Когда первый лист был уже почти исписан, послышалось треньканье механического звонка в передней. «Ну вот, – вынырнув из воображаемого мира, подумал с сожалением адвокат, – принесла кого-то нелегкая!» А еще через несколько секунд раздался стук в дверь, и на пороге появилась горничная Варвара.
– Клим Пантелеевич, к вам доктор Нижегородцев. Примете?
– Да, конечно.
Николай Петрович Нижегородцев – один из немногих, кого Ардашев был готов видеть в любое время. Судьба их свела случайно, но с первых же минут знакомства он понял, что частнопрактикующий врач – его человек. Клим Пантелеевич давно разделил всех людей на две категории: «мой человек» и «не мой человек». Последних было, конечно же, большинство, но тут уж ничего не поделаешь, приходилось приноравливаться к окружающей действительности. Стоит заметить, что с некоторых пор присяжный поверенный создал себе собственный мир или, сказать точнее, вполне удобное общество, в котором он и жительствовал: жена Вероника Альбертовна, горничная Варвара и персидский кот Малыш. Нет, нельзя сказать, что Ардашев был типическим мизантропом. Ведь работа присяжного поверенного Окружного суда этого не допускала. Да и журфиксы у Высоцких он не пропускал, и синематографическими сеансами в «Биоскопе» не брезговал. Не обходилось без преферанса за ломберным столиком и русской пирамиды за столом бильярдным. Для карт и бильярда Клим Пантелеевич соперников не выбирал, а вот для шахмат – другое дело. Сидеть несколько часов за доской с малоприятным человеком – удовольствие сомнительное. Тут важна некая родственность душ или, по крайней мере, единство взглядов твоего визави. Да и двигать фигурки из слоновой кости адвокат предпочитал у себя дома: в хорошую погоду – в беседке, а в ненастье – в кабинете. Так что далеко не все знакомые Ардашевых удостаивались чести разыграть сицилианскую защиту или ферзевый гамбит с отставным сотрудником МИДа. Другое дело Нижегородцев – человек скромный и интеллигентный, почти чеховской наружности, если не считать слегка заметную расположенность к полноте. С первой же встречи он проникся к Ардашеву уважением. А стоило ему увидеть, как приехавший в Ставрополь столичный адвокат мастерски расследует преступления, то к названному чувству добавилось и восхищение. И теперь доктор считался вполне «своим» в доме № 38 на Николаевском проспекте. Медикус – надо отдать ему должное – старался не злоупотреблять гостеприимством и не тревожить отставного коллежского советника без лишней надобности. В особенности не рекомендовалось наносить адвокату визиты по воскресеньям, когда Клим Пантелеевич, после возвращения из Успенской церкви, предавался литературным занятиям. Только вот сегодня, как назло, было второе воскресенье августа одна тысяча девятьсот восьмого года.
– Доброго дня, Клим Пантелеевич, – переступая с ноги на ногу, вымолвил гость. – Знаю, что оторвал вас от любимого дела, но, как говорится, не извольте гневаться…
– К чему все эти извинения, Николай Петрович? – поднимаясь со стула, перебил доктора Ардашев. – Проходите, присаживайтесь в кресло, а я вам свежей вишневой наливочки налью и угощу осетинским сыром. Без этого церемониала я, как вы знаете, серьезного разговора не начинаю. А вы, как я заметил, именно с таким намерением и пожаловали.
Присяжный поверенный вышел, дал распоряжение горничной и, воротившись, достал из шкафчика хрустальный графин.
– Вероника Альбертовна большая мастерица по части изготовления наливки из шпанской вишни. Секрет этот достался ей от матушки.

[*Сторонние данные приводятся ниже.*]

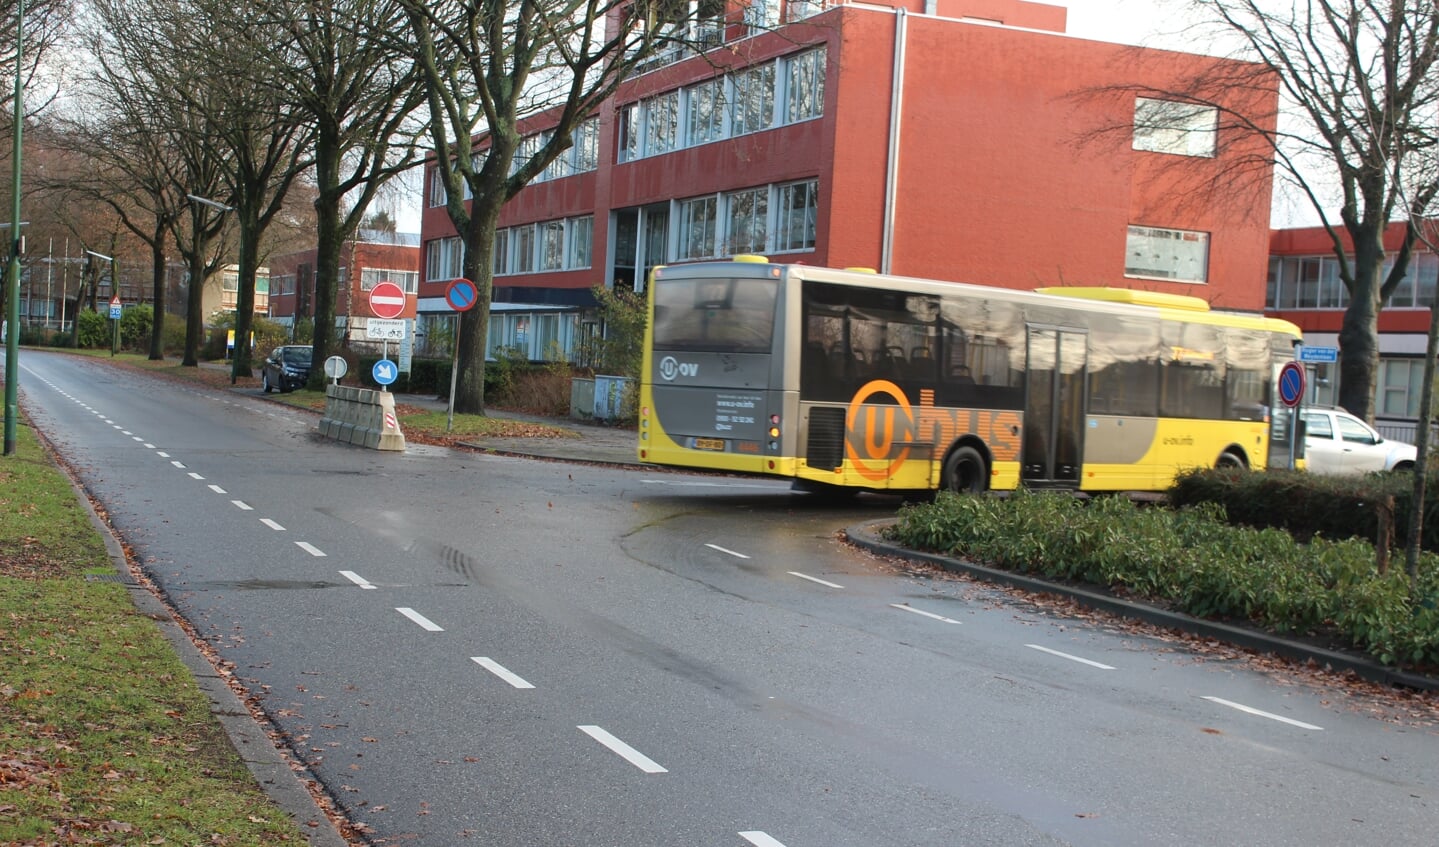 Buslijn 77 en buslijn 78 lopen in de huidige situatie volgens de route Rembrandtlaan. Door voor beide lijnen de huidige routering aan te houden is er op de Jan Steenlaan geen passerend busverkeer. Daarnaast heeft de haltering van bussen op de rijbaan een snelheid-remmend effect. 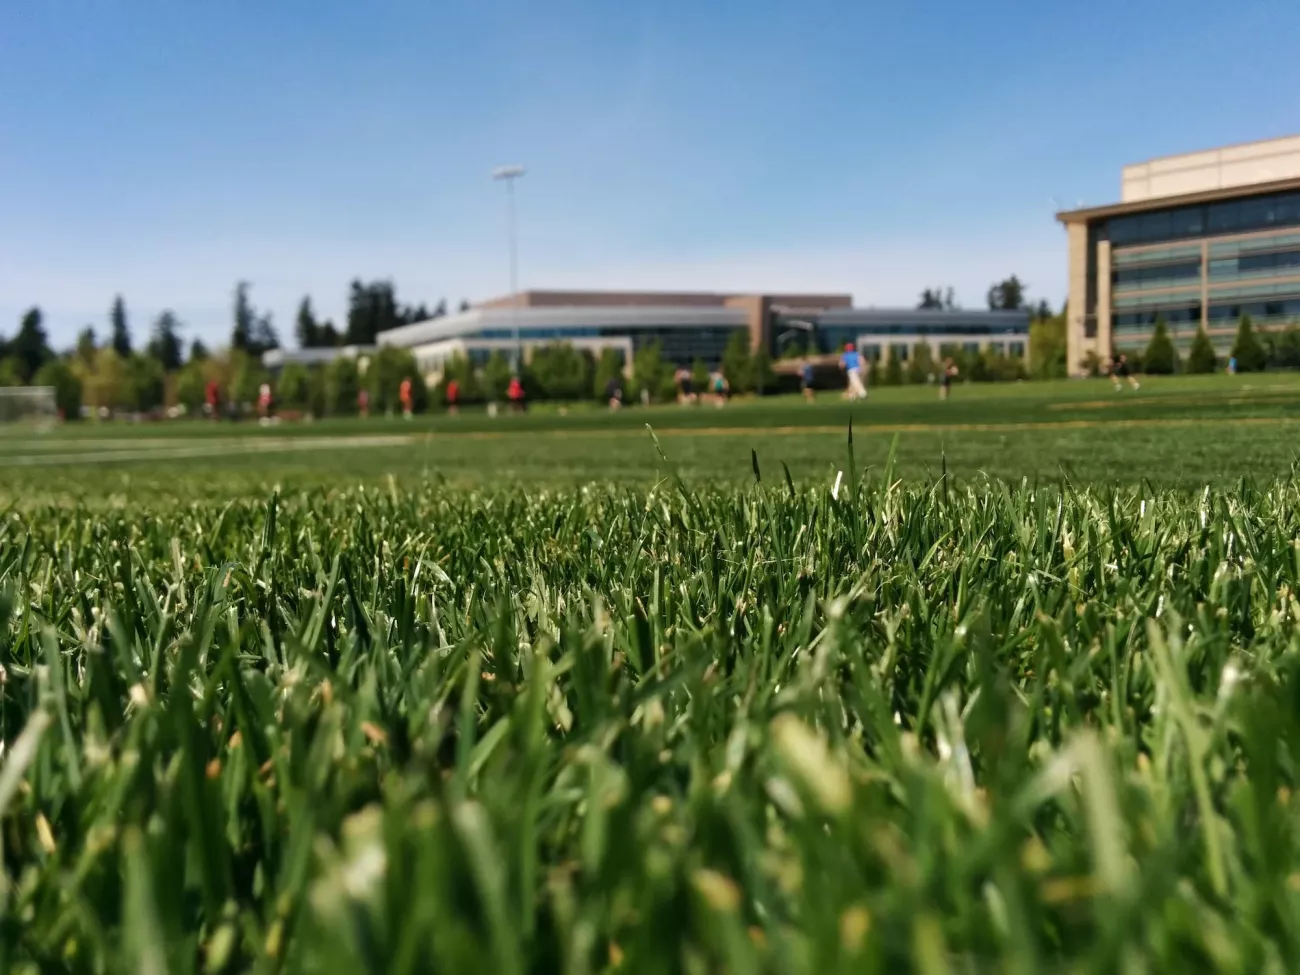 A green, grassy sports field.

Тут же отворилась дверь; Варвара поставила на стол тарелочку с порезанным сыром и приборы. Клим Пантелеевич наполнил рюмки.
– Ваше здоровье!
– И вам здравствовать!
Прикрыв глаза, Ардашев, не торопясь, дегустировал живительную влагу. Когда рюмка опустела, он закусил кусочком сыра и, откинувшись в кресле, сказал:
– Ну-с, слушаю вас внимательно.
– Даже не знаю, с чего начать, – неуверенно выговорил доктор.
– С конца, дорогой мой, с конца. Это всегда экономит время.
– Ну, хорошо, – пожал плечами Нижегородцев, – как скажете: на днях стало известно, что по городу в экипаже разъезжает обезглавленный труп.
– То есть как это разъезжает? – выпрямляясь в кресле, спросил адвокат.
– А так: еще второго дня по Ставрополю ходили слухи, что где-то у Иоанно-Мариинского монастыря по расплывшейся от дождя и грязи дороге тащилась странная коляска, запряженная пегой лошадью. Монашка, шедшая в город, утверждала, что на козлах кучера не было, а на пассажирском месте сидел труп без головы, который и погонял лошадей. Естественно, никто этим бредням не поверил, но вчера ночью в полицейский участок залетел испуганный извозчик. Старик точно не в себе был и клялся, что как раз мимо него и проследовал экипаж с обезглавленным пассажиром. Мол, извозчик клевал носом на Госпитальной, как вдруг услышал стук копыт на мостовой. Повернувшись, увидел, что едет коляска без возницы. Когда пригляделся, то заметил в ней господина со скрещенными на груди руками. Со стороны могло показаться, что седок барыню танцевать собирается. Все бы ничего, да только головы у него не было и вся одежда залита кровью! В общем, на всякий случай в тот район послали городового. Все улицы они изъездили, но странного экипажа так и не отыскали. А утром в участок прибежала молочница. От страха тетка тряслась и плакала. Когда ее водой отпоили, она поведала, что на Театральной проехала коляска, в которой развалился обезглавленный мертвяк, а руки у него крест-накрест были, точно вот-вот в пляс пустится. Сами понимаете, от полицейского управления до Театральной улицы рукой подать. Послали туда аж трех городовых на полицейской пролетке. Но никакой коляски с покойником не нашли. Когда совсем рассвело, экипаж-призрак увидели на Армянской улице под окнами купца Саркисова. Рыжая кляча притащилась к своему дому и щипала в палисаднике траву. Обезумевшая хозяйка узнала в окровавленном покойнике обезглавленного мужа. Сами понимаете, что тут началось! А вы разве ничего об этом не слыхали? – Врач удивленно приподнял брови.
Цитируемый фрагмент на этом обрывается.